Assignment
Exactly reproduce the line that contains "Timex Women's Waterbury" and all lines after it in the entries below, through the very last line.

==================================================

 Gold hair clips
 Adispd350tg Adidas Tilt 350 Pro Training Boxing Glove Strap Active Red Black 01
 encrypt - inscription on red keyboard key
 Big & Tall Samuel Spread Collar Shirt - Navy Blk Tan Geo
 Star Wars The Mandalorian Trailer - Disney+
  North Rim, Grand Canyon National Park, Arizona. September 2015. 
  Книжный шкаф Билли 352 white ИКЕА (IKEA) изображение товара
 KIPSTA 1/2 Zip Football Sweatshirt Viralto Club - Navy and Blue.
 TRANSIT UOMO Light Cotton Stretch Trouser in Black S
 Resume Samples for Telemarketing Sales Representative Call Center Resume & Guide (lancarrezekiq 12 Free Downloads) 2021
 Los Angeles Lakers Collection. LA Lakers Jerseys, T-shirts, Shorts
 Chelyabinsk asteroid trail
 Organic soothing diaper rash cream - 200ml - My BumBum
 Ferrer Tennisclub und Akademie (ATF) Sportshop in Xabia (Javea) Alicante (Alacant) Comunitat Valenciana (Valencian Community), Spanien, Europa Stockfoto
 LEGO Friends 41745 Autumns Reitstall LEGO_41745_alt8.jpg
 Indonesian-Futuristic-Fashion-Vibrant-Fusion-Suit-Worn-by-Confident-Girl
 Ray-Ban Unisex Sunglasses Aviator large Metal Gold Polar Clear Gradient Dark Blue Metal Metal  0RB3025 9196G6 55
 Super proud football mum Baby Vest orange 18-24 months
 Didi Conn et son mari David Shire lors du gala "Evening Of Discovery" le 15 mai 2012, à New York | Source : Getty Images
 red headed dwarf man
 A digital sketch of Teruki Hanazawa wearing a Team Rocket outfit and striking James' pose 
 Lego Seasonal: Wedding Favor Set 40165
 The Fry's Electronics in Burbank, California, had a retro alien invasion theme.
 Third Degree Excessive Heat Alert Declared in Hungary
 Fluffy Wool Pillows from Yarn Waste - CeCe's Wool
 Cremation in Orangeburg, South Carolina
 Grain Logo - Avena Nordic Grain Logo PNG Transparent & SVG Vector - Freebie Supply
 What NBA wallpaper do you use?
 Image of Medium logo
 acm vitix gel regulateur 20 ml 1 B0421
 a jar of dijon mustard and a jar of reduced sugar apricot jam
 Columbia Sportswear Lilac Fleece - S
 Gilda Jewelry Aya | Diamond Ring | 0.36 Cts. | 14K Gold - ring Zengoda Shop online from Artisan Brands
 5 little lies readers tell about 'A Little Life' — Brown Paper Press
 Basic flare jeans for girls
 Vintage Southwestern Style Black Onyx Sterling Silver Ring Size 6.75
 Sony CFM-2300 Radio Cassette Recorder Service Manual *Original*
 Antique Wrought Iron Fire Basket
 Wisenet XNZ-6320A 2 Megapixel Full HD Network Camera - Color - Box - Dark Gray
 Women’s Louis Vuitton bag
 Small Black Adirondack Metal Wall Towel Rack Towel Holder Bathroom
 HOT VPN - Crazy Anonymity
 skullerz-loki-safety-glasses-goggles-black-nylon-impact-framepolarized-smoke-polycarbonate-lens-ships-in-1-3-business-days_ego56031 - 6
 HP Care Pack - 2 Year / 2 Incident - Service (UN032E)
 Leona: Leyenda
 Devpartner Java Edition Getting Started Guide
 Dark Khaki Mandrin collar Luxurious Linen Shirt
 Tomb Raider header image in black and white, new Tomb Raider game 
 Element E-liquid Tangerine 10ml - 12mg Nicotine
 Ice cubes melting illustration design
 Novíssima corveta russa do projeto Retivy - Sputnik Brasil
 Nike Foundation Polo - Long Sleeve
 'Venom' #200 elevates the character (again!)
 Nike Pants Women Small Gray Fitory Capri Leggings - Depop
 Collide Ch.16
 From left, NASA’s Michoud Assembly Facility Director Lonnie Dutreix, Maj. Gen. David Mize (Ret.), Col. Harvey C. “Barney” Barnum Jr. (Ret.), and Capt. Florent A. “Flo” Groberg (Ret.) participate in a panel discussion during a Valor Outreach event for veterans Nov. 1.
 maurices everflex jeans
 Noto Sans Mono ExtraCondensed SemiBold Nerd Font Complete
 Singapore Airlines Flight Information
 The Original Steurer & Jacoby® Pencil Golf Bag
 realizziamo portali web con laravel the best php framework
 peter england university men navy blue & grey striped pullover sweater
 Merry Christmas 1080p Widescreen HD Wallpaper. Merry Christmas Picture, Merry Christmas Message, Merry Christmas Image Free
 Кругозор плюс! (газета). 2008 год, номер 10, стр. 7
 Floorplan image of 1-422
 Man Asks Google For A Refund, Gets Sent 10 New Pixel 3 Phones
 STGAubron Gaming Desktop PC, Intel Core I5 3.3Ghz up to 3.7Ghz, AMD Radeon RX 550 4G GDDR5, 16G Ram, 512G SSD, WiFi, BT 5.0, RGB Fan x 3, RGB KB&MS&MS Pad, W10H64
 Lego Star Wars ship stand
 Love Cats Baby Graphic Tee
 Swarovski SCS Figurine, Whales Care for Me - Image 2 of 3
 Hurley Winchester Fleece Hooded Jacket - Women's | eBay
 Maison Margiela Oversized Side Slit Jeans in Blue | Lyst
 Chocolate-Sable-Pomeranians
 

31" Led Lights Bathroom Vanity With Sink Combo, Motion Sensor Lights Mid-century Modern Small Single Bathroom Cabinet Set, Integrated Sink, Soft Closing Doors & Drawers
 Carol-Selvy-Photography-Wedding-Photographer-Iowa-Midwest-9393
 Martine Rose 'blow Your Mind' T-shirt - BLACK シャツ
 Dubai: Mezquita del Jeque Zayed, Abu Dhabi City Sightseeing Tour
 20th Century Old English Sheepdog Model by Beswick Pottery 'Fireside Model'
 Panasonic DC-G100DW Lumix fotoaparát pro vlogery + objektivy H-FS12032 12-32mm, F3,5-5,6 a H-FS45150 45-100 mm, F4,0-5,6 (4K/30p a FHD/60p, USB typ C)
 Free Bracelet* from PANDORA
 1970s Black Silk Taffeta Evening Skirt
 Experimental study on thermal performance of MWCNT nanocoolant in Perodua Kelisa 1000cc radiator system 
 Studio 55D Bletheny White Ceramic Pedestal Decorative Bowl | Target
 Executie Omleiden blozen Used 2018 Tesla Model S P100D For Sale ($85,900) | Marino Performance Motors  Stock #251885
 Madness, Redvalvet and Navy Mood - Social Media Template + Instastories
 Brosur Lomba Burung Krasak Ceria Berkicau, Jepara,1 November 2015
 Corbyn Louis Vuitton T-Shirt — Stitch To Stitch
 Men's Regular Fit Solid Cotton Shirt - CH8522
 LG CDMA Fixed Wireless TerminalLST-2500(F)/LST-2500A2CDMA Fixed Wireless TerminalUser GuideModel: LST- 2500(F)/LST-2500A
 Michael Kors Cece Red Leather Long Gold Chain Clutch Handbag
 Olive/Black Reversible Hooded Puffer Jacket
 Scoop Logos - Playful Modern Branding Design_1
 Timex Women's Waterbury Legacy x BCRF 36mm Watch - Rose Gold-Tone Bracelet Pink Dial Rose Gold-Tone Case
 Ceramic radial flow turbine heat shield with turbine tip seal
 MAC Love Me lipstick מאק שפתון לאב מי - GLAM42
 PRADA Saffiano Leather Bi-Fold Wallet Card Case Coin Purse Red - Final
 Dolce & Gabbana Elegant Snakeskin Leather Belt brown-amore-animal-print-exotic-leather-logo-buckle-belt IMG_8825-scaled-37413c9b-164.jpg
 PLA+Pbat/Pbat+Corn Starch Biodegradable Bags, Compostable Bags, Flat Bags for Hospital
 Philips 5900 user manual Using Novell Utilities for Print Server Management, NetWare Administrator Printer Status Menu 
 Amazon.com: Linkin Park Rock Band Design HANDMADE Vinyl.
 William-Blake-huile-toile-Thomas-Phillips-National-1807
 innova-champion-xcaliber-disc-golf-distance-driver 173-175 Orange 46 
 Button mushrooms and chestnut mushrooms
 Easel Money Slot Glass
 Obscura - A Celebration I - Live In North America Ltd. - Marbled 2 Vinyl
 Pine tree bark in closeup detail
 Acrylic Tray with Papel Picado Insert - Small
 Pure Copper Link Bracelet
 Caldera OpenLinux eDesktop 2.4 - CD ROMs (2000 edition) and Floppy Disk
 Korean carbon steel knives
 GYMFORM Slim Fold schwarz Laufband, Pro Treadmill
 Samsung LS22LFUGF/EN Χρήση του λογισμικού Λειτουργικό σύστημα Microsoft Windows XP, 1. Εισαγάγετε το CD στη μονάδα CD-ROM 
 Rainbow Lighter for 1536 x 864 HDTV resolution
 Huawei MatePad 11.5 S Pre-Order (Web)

==================================================

Exercise output
 Timex Women's Waterbury Legacy x BCRF 36mm Watch - Rose Gold-Tone Bracelet Pink Dial Rose Gold-Tone Case
 Ceramic radial flow turbine heat shield with turbine tip seal
 MAC Love Me lipstick מאק שפתון לאב מי - GLAM42
 PRADA Saffiano Leather Bi-Fold Wallet Card Case Coin Purse Red - Final
 Dolce & Gabbana Elegant Snakeskin Leather Belt brown-amore-animal-print-exotic-leather-logo-buckle-belt IMG_8825-scaled-37413c9b-164.jpg
 PLA+Pbat/Pbat+Corn Starch Biodegradable Bags, Compostable Bags, Flat Bags for Hospital
 Philips 5900 user manual Using Novell Utilities for Print Server Management, NetWare Administrator Printer Status Menu 
 Amazon.com: Linkin Park Rock Band Design HANDMADE Vinyl.
 William-Blake-huile-toile-Thomas-Phillips-National-1807
 innova-champion-xcaliber-disc-golf-distance-driver 173-175 Orange 46 
 Button mushrooms and chestnut mushrooms
 Easel Money Slot Glass
 Obscura - A Celebration I - Live In North America Ltd. - Marbled 2 Vinyl
 Pine tree bark in closeup detail
 Acrylic Tray with Papel Picado Insert - Small
 Pure Copper Link Bracelet
 Caldera OpenLinux eDesktop 2.4 - CD ROMs (2000 edition) and Floppy Disk
 Korean carbon steel knives
 GYMFORM Slim Fold schwarz Laufband, Pro Treadmill
 Samsung LS22LFUGF/EN Χρήση του λογισμικού Λειτουργικό σύστημα Microsoft Windows XP, 1. Εισαγάγετε το CD στη μονάδα CD-ROM 
 Rainbow Lighter for 1536 x 864 HDTV resolution
 Huawei MatePad 11.5 S Pre-Order (Web)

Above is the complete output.